Pros of Investing inICICI Prudential Nifty Bank Index Fund:
- The fund is diversified among the top-performing banks in India.
- In recent times, the asset quality of banks is improvising due to various reforms.
- Investors seeking for allocation to banking sector with low expense ratio can apt for this Index fund.
- If the banking sector performs and delivers, then this fund can give you better returns.
- This fund is managed passively. So the expense ratios are expected to be low as compared to the actively managed mutual fund schemes.
- This fund is suitable for aggressive investors who are bulling on the banking sector.
- The portfolio of this fund will be highly transparent when compared to active mutual funds as it mirrors the banking index.
- This fund is free from fund manager bias and eliminates stock selection risk.
Cons of Investing inICICI Prudential Nifty Bank Index Fund:
- It is riskier for short-term Investors.

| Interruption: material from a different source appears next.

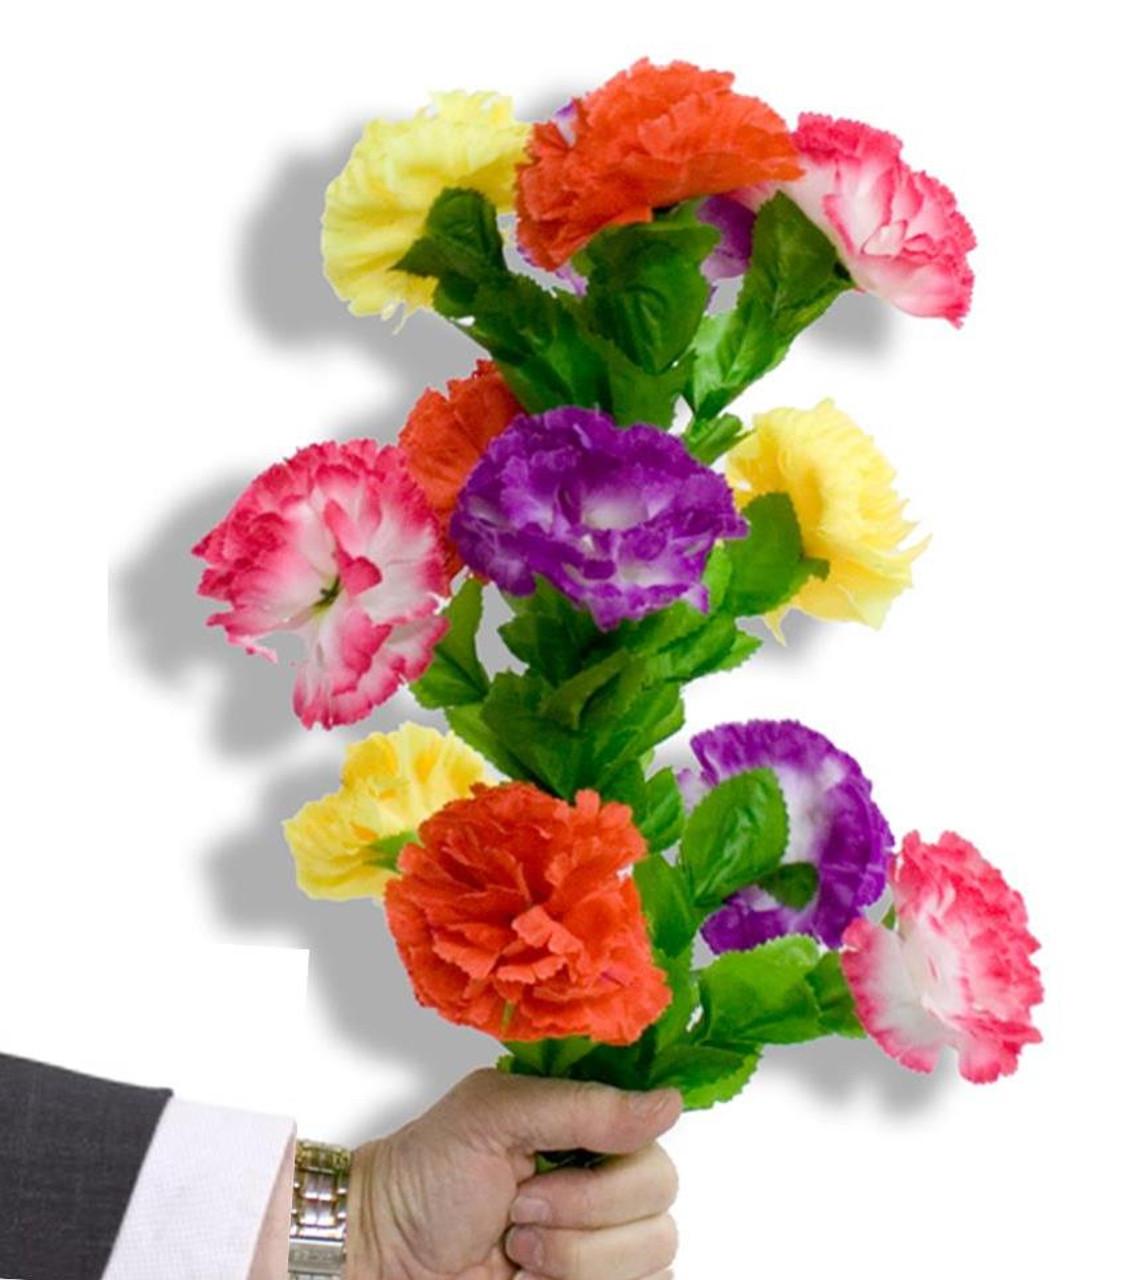 Cloth Flowers Bouquet Magic Trick
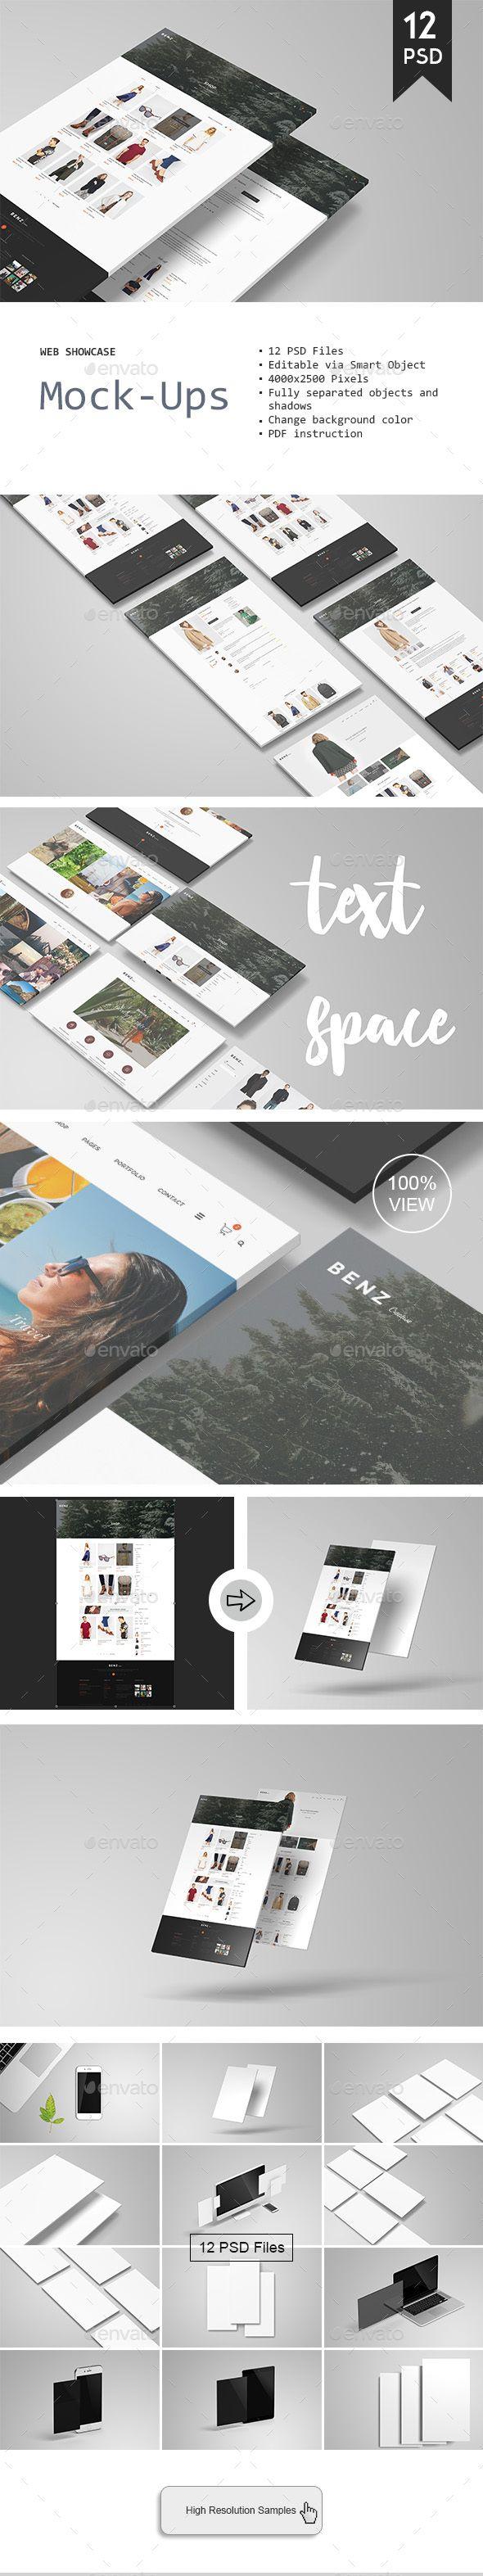 Web Showcase Mockup

- This fund is not suitable for your core portfolio.
- Returns of the Index fund can’t be expected to beat the market.
- Being an index fund, it may underperform its index due to fees and expenses, trading costs, etc.
- As an Index fund, it is not flexible and dynamic when compared to active funds. During market crashes, this fund will neither be able to take any proactive step nor will be able to take any course corrective steps. Similarly, when there is a momentary market opportunity, this fund will not be able to capitalize on that.
- As this is a sectoral fund, this can add more volatility to your portfolio.
- Being a sectoral fund, this fund limits its exposure only to Banking sector. This brings concentration risk to your portfolio. A healthy diversification is not possible with this fund.
- If the banking sector underperforms, this fund will also underperform.
- Based on the market outlook, the fund manager cannot change the allocation to other sectors dynamically. Even if the outlook for the banking sector becomes poor, the fund will continue to remain invested only in Banking stocks.
- As an Index fund, it blindly mirrors the index. This fund will never do any analysis on the underlying stocks and check the soundness of the company in which it is going to invest.
Final takeaway of ICICI Prudential Nifty Bank Index Fund:
- First time investors and conservative investors should avoid this fund because of its aggressive nature due to less diversification.
- As ICICI Prudential Nifty Bank Index Fund is an NFO, we need to wait and check its expense ratio and its capability to maintain low tracking error. There are existing Nifty Bank Index Funds with less expense ratio and less tracking error. It’s better to wait till they create a track record.
- This fund is not suitable for investors looking for market beating returns or dynamic fund management.